According to the ink jet recording method of claim 7, in the ink jet recording method of any one of claims 1 to 6, as said set period is set corresponding to the type of ink discharged from said ink jet head, the set period is set appropriately.
Generally speaking, if the ink dries easily or permeates the sheet easily, the ink will be fixed easily on the sheet; if the ink does not dry easily or does not permeate the sheet easily, it will be difficult for the ink to be fixed.
Consequently, if the ink dries easily or permeates the sheet easily, the set period must be short, and if the ink does not dry easily or does not permeate the sheet easily, the set period must be long.
According to the ink jet recording method of this claim 7, because the set period is set appropriately corresponding to the type of ink, at the same time as ink printed on the former sheet is fixed to the extent that it will not adhere to a successive sheet stacked on top of the former sheet at the point in time when the successive sheet slidingly contacts the former sheet, it is possible to prevent delaying of the successive sheet other than that which is necessary, and effective printing of a plurality of sheets is possible.

BRIEF DESCRIPTION OF THE DRAWINGS

FIG. 1 is a rough structural diagram of the main components of one example of an ink jet recording apparatus to which it is possible to apply the embodiment of the ink jet recording method related to the present invention.
FIG. 2 is a block diagram of the main components of the above-mentioned recording apparatus.
FIG. 3 is a flow chart showing a first ink jet recording method related to the present invention.
FIG. 4 is a drawing showing one example of a set period.
FIG. 5 is a flow chart showing another ink jet recording method related to the present invention.
FIG. 6 is a plan view of a sheet.
FIG. 7 is a drawing showing one example of the number of prescribed steps according to the sheet size.
FIG. 8 is a drawing showing the flow chart of a yet further ink jet recording method related to the present invention.
FIG. 9 is one example of factors corresponding to printing density.

DETAILED DESCRIPTION OF THE PREFERRED EMBODIMENTS

Firstly, an example of an ink jet recording apparatus to which it is possible to apply the embodiment of the ink jet recording method related to the present invention will be explained.
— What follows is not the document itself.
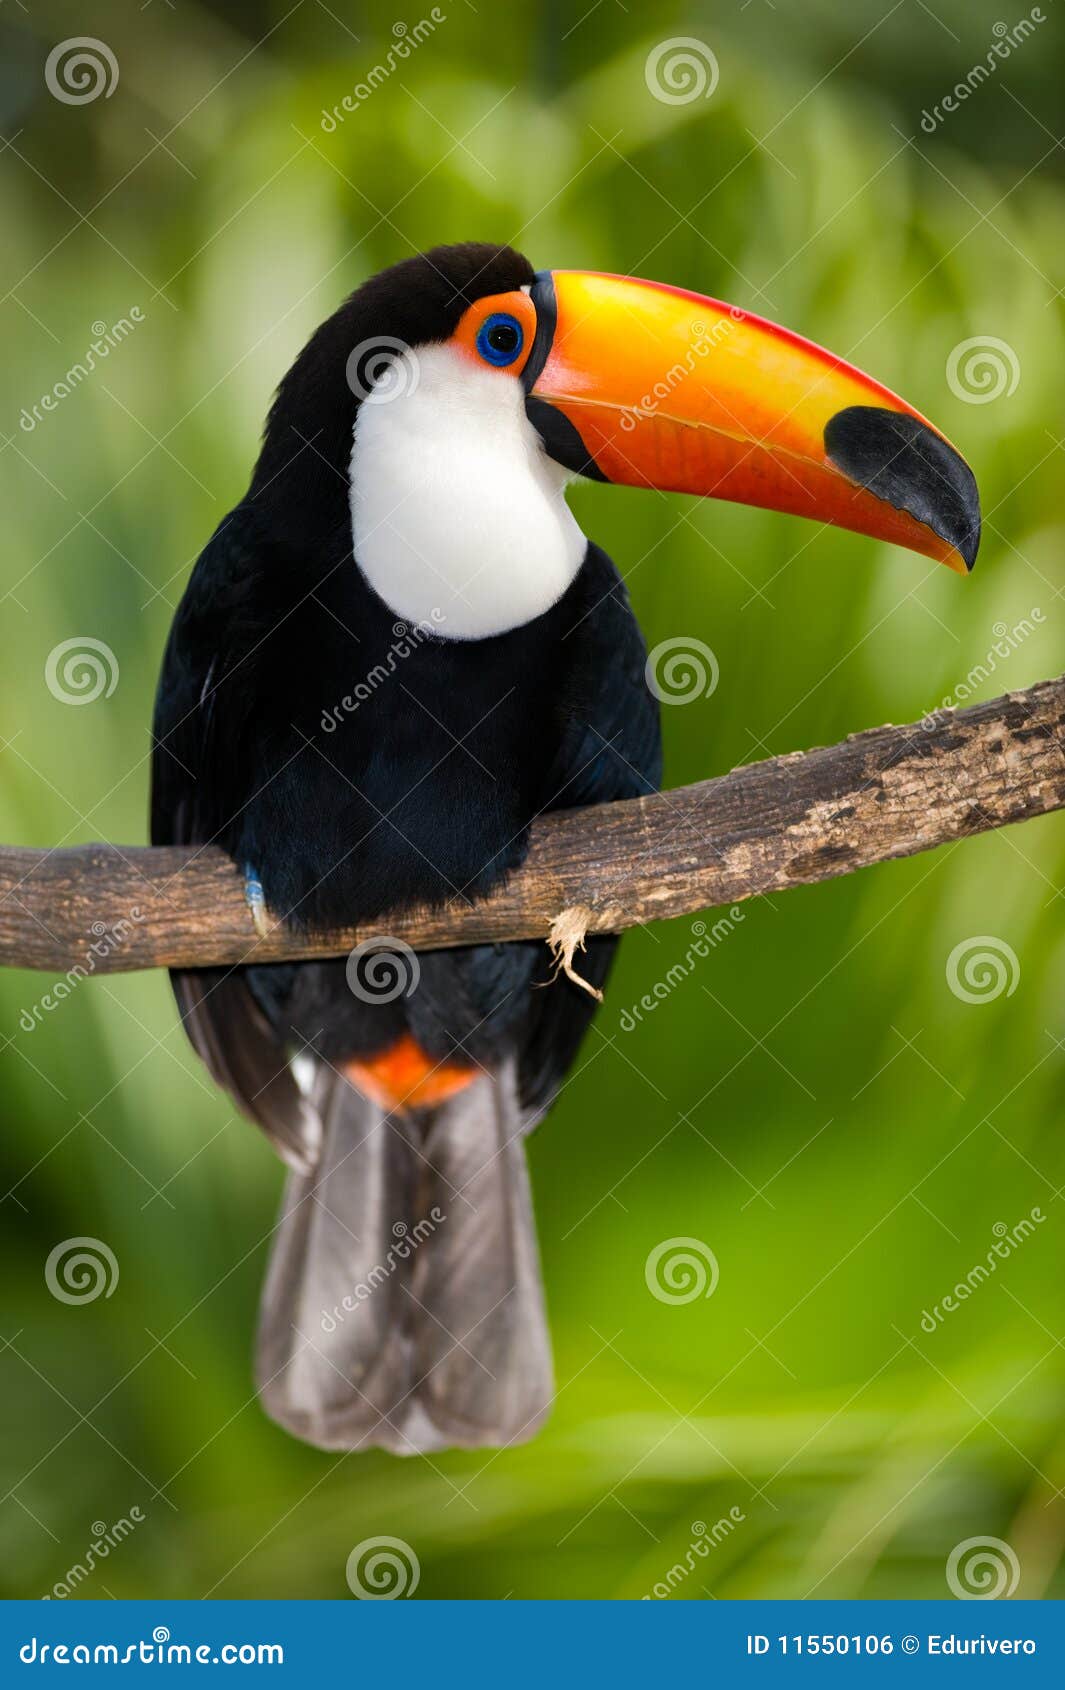 toucan in dense vegetation

FIG. 1 is a rough structural diagram of the main components of one example of an ink jet recording apparatus to which it is possible to apply the embodiment of the ink jet recording method related to the present invention; and FIG. 2 is a block diagram of the main components of the above-mentioned recording apparatus.
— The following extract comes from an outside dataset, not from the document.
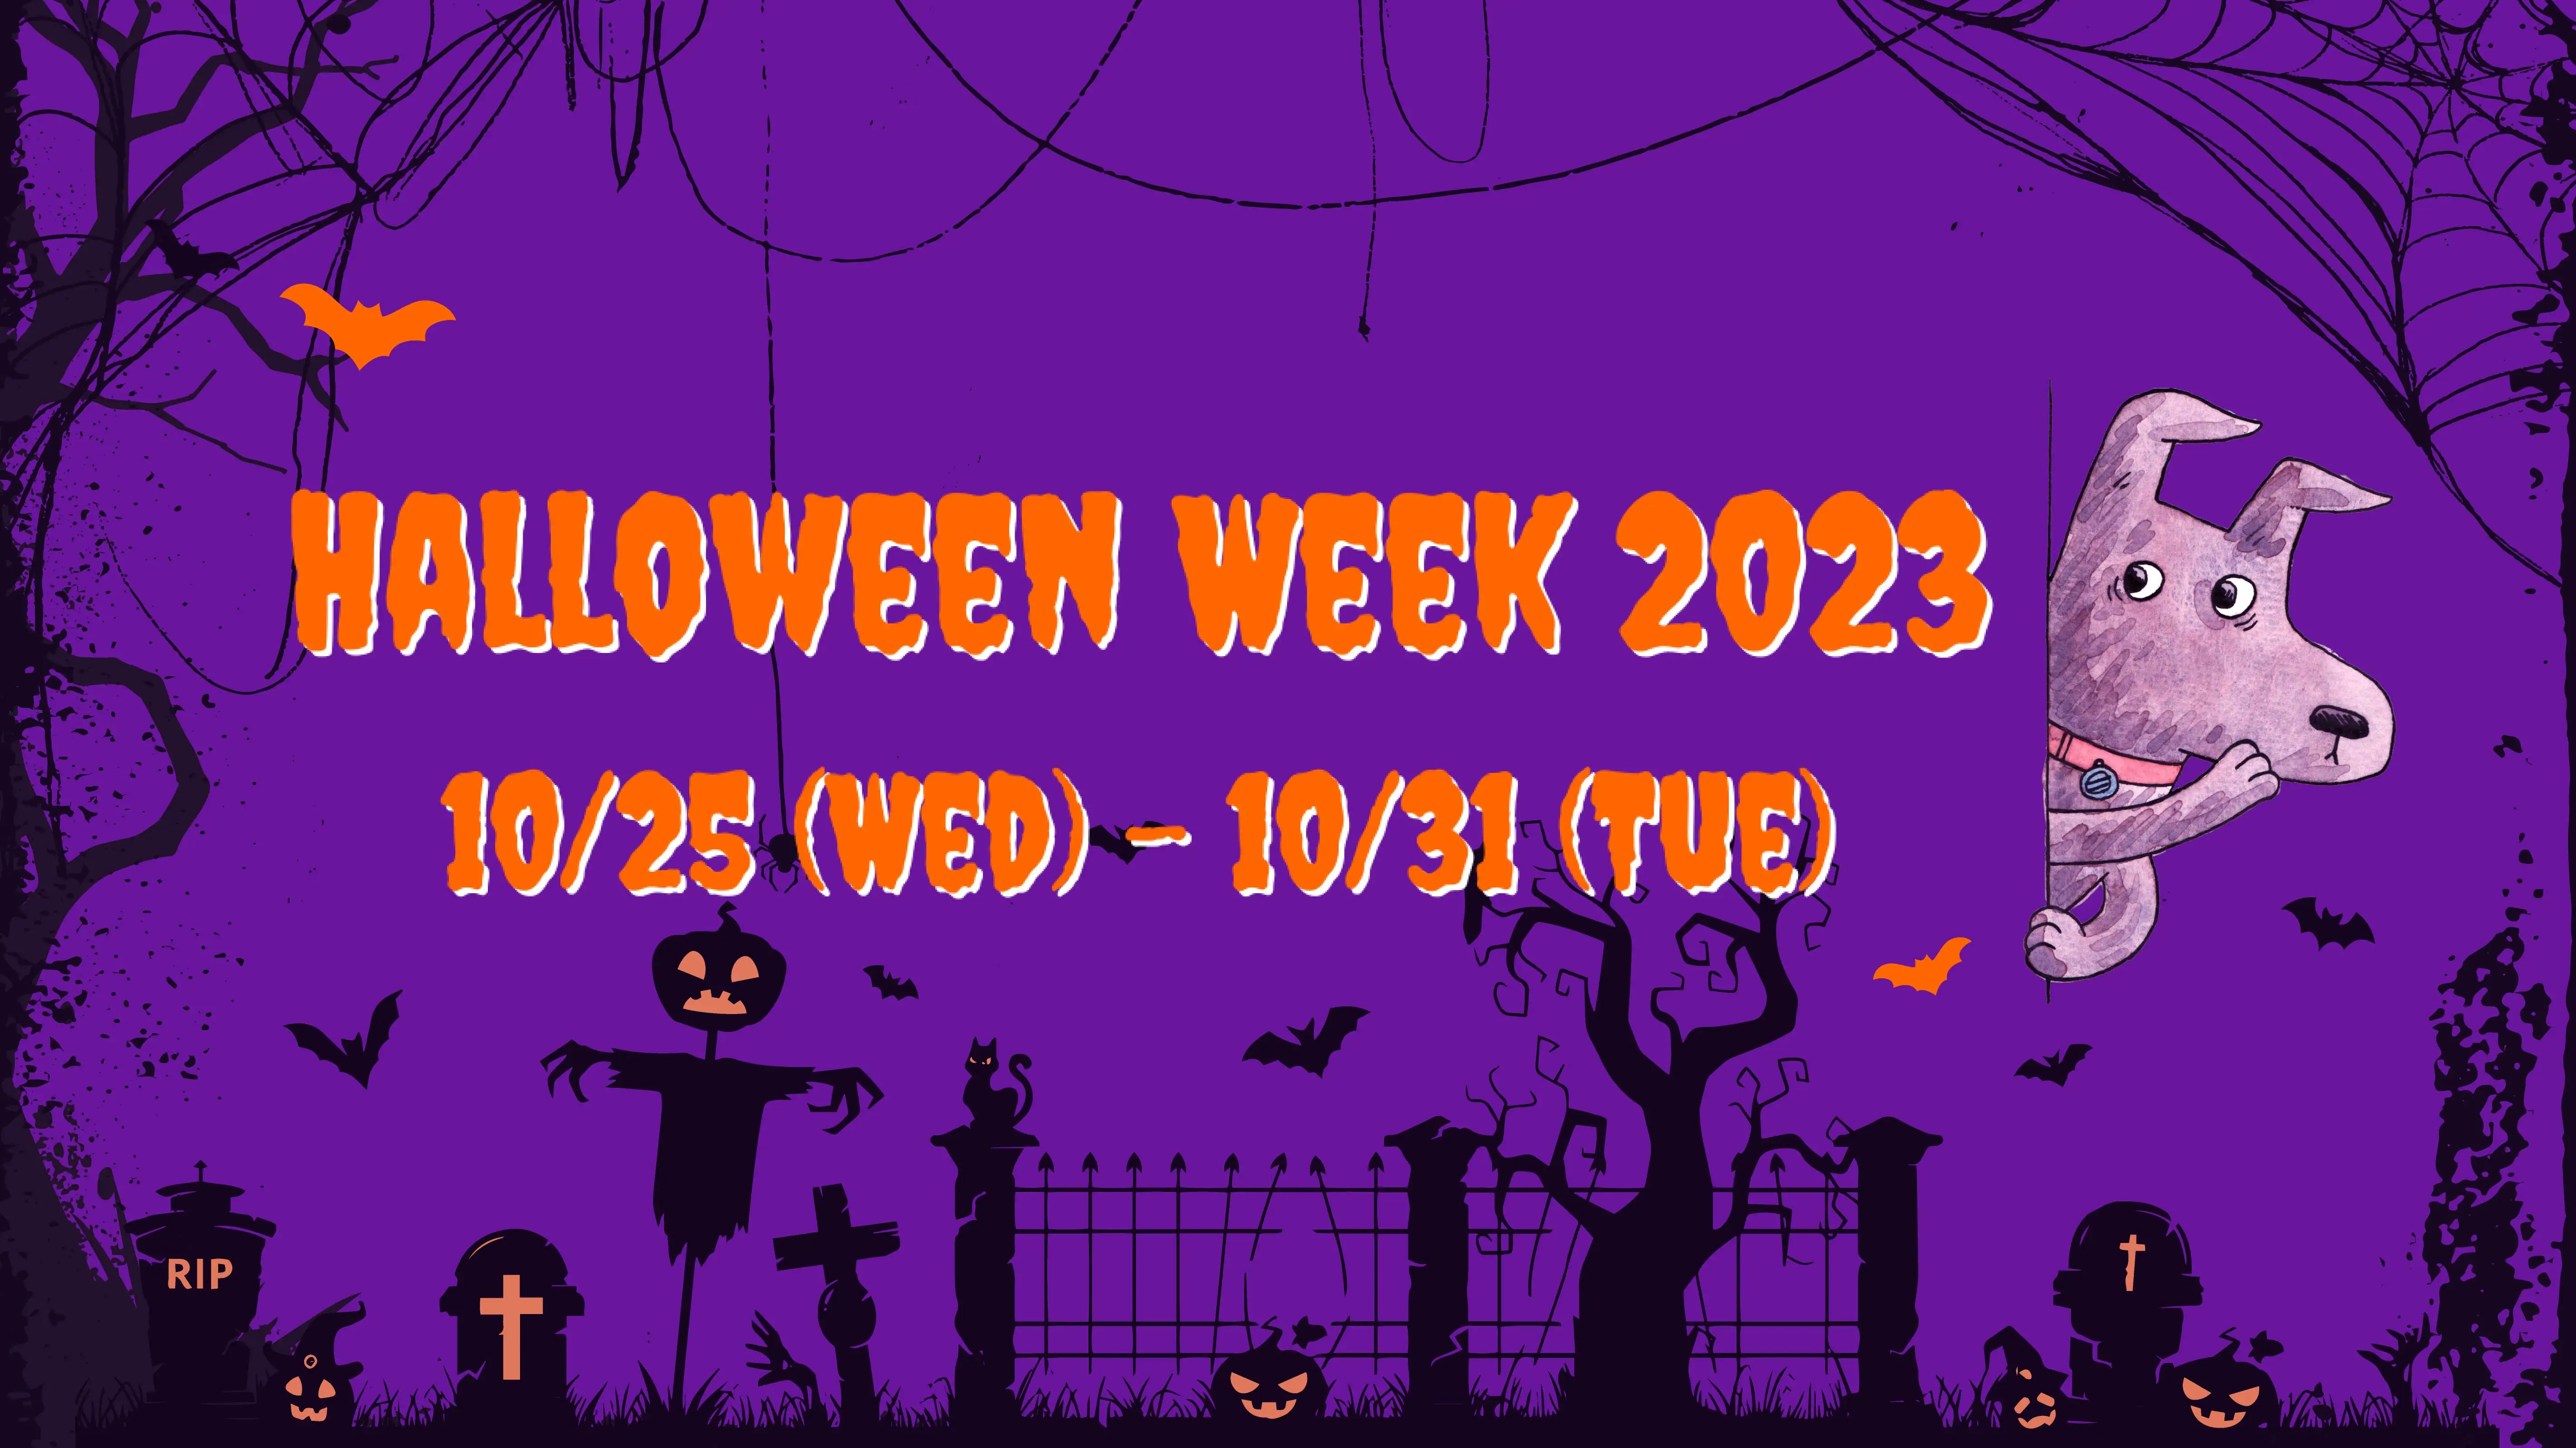 KA Halloween Week 2023: 10/25 (Wed) - 31 (Tue)

As shown in FIG. 1, recording apparatus 1 comprises an automatic paper loading device 10, feeding sheets one at a time, and sheet guides 21, 22 and 23 guiding a sheet S2 fed by means of this automatic paper loading device 10.
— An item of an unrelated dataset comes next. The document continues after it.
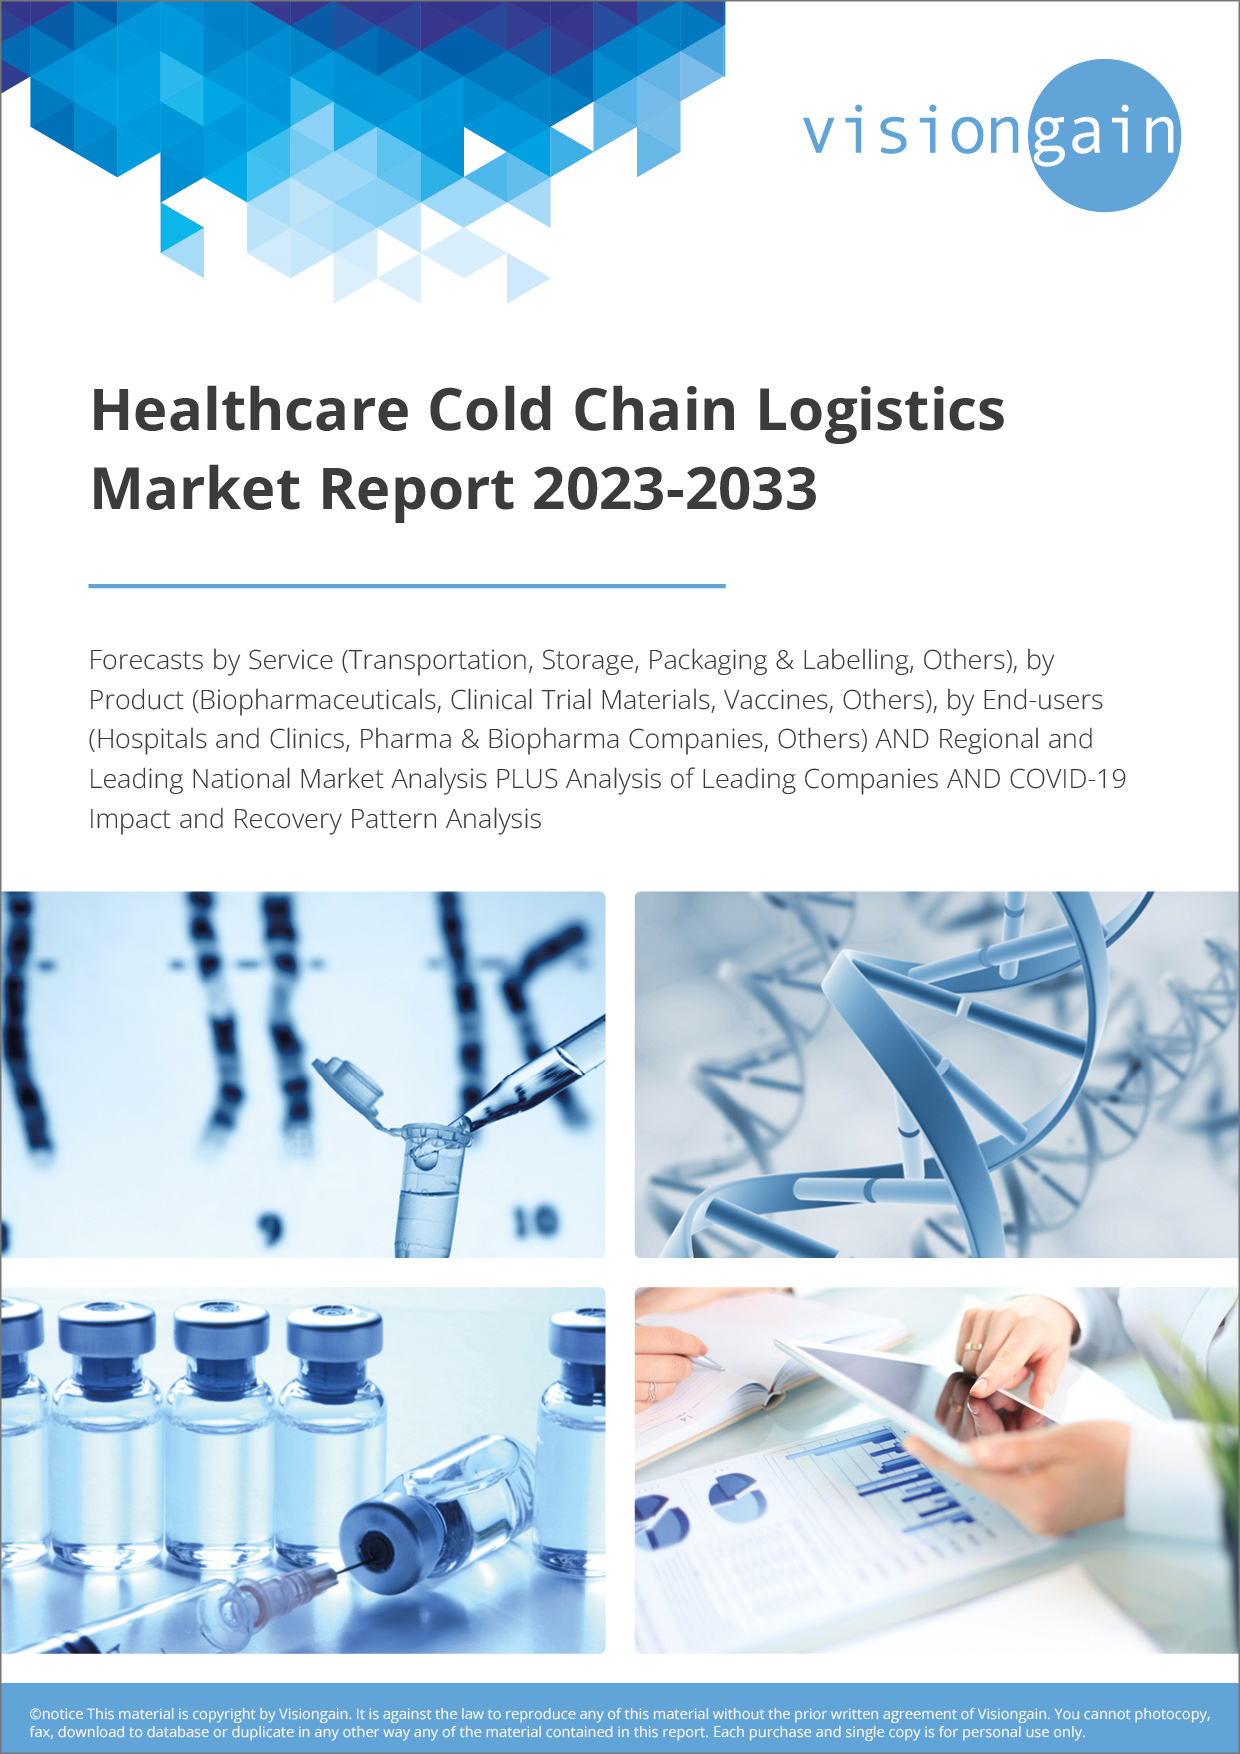 Healthcare Cold Chain Logistics Market Report 2023-2033

Furthermore, sheet detection means 30; sheet feeding roller 40; pinch rollers 41, 42 and 43 pressed against and driving sheet feeding roller 40; carriage 51- carrying an ink jet head 50 or the like- discharging ink drops towards a sheet, thereby forming ink dots and printing thereon; pairs of ejection rollers 61 and 62, 62 and 63; and an ejection tray 70 for stacking sheets S1 are provided in the path through which sheet S2 passes.
Automatic paper loading device 10 comprises a paper loading tray 11, hopper 12, paper loading roller 13, and separating pad 14. A plurality of sheets to be fed are set in paper loading tray 11. When paper is fed, hopper 12 urges sheet S1 towards paper loading roller 13, and the top sheet only is separated by separating pad 14 and fed by means of the rotation of paper loading roller 13.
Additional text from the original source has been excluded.